Deux membres du Congrès américain, Sean Casten et Gregory Meeks, ont demandé, dans une lettre officielle adressée au gouvernement des États-Unis, des explications concernant le rôle de la plateforme d’échange de cryptomonnaies Binance dans des transferts de devises numériques à grande échelle.

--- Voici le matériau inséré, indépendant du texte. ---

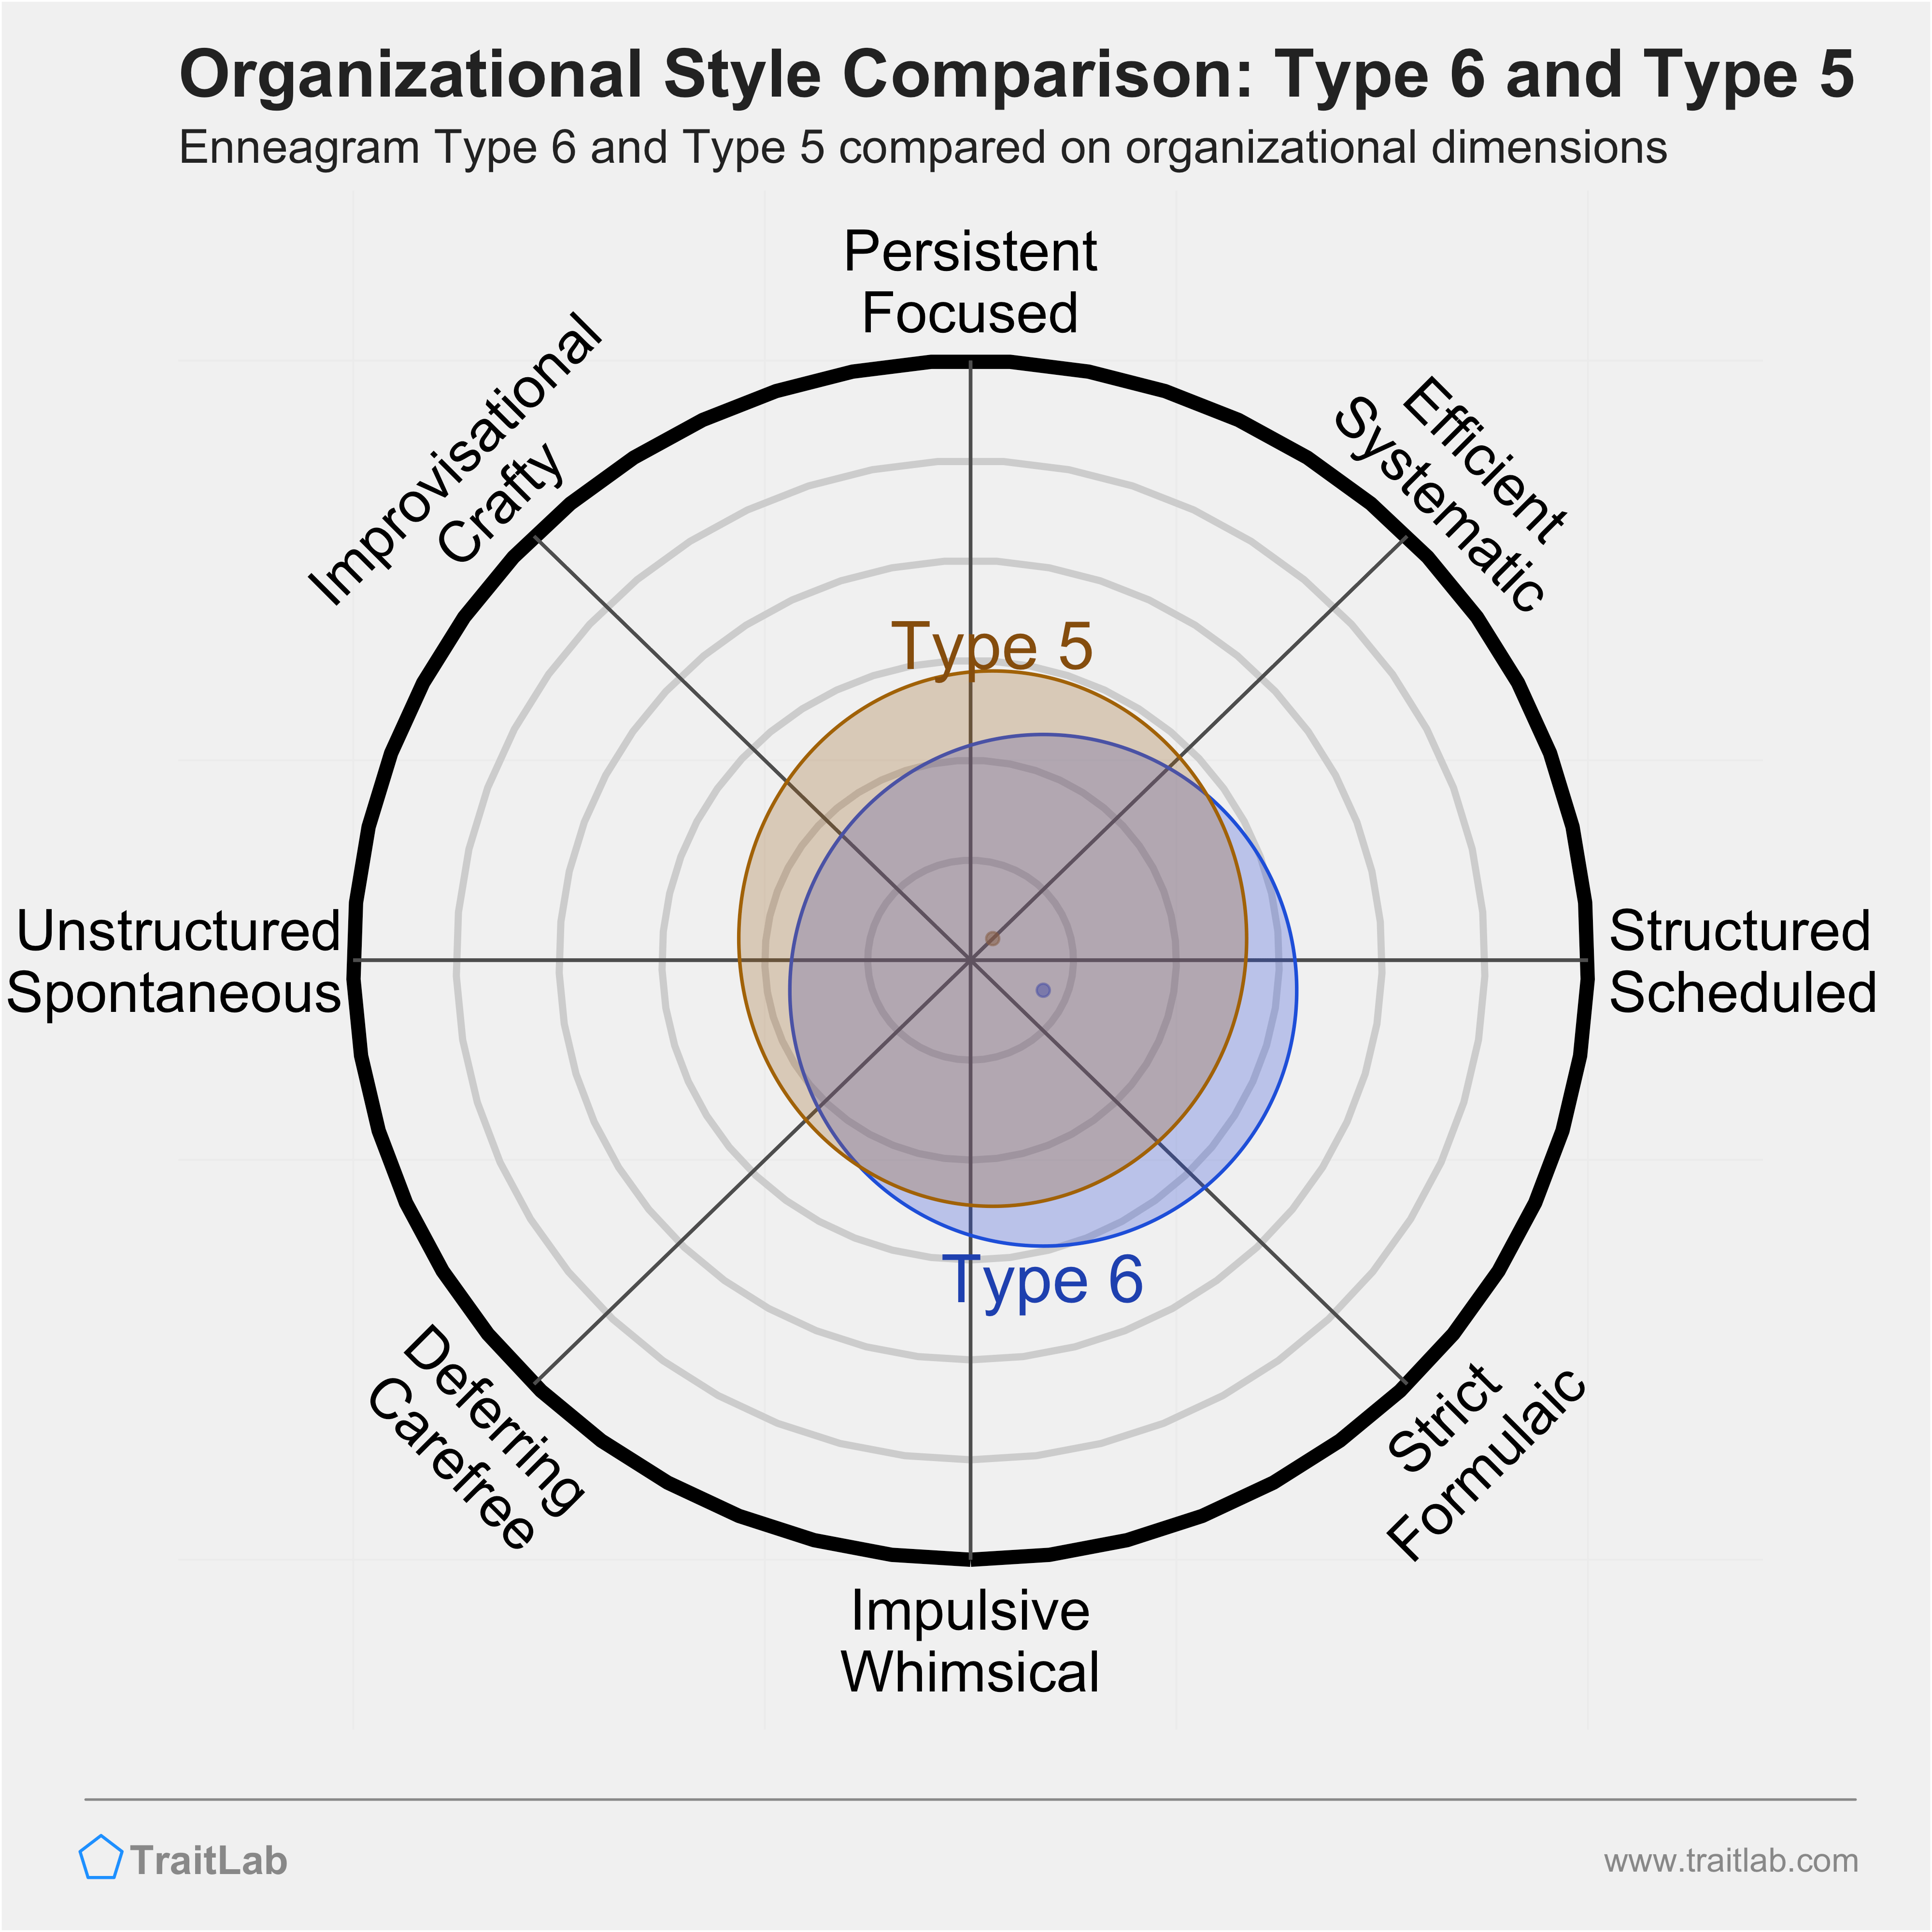 Type 6 and Type 5 comparison across organizational dimensions

Dans cette lettre, publiée le jeudi 14 mai, il est allégué qu’environ 1,7 milliard de dollars en cryptomonnaies auraient été transférés via Binance vers des portefeuilles numériques liés à des groupes armés et des forces affiliés au régime iranien. Selon les législateurs, une partie de ce réseau financier aurait probablement servi à contourner les sanctions américaines.
Le rapport fait également référence à des groupes soutenus par Téhéran, tels que les Houthis au Yémen. Les membres du Congrès ont souligné que ces transactions avaient eu lieu alors même que Binance faisait l’objet d’une surveillance accrue de la part des autorités américaines, à la suite d’accords réglementaires et d’engagements visant à mettre en œuvre des règles strictes de lutte contre le blanchiment d’argent.
Ils ont par ailleurs rappelé que Binance avait admis en 2023 avoir enfreint certaines lois financières américaines ; or, en dépit des accords réglementaires conclus, des rapports indiquent que des transactions suspectes ont perduré, certaines d’entre elles ayant été attribuées à des activités liées au régime iranien.
Les deux membres du Congrès ont demandé au ministère de la Justice et au département du Trésor des États-Unis de s’expliquer sur l’efficacité des contrôles imposés à Binance, ainsi que sur les raisons éventuelles de l’incapacité à prévenir ces transferts financiers.
La lettre exprime également des inquiétudes quant à l’utilisation des cryptomonnaies pour contourner les sanctions imposées au régime iranien, et sollicite un rapport exhaustif sur les modalités de surveillance des opérations de Binance.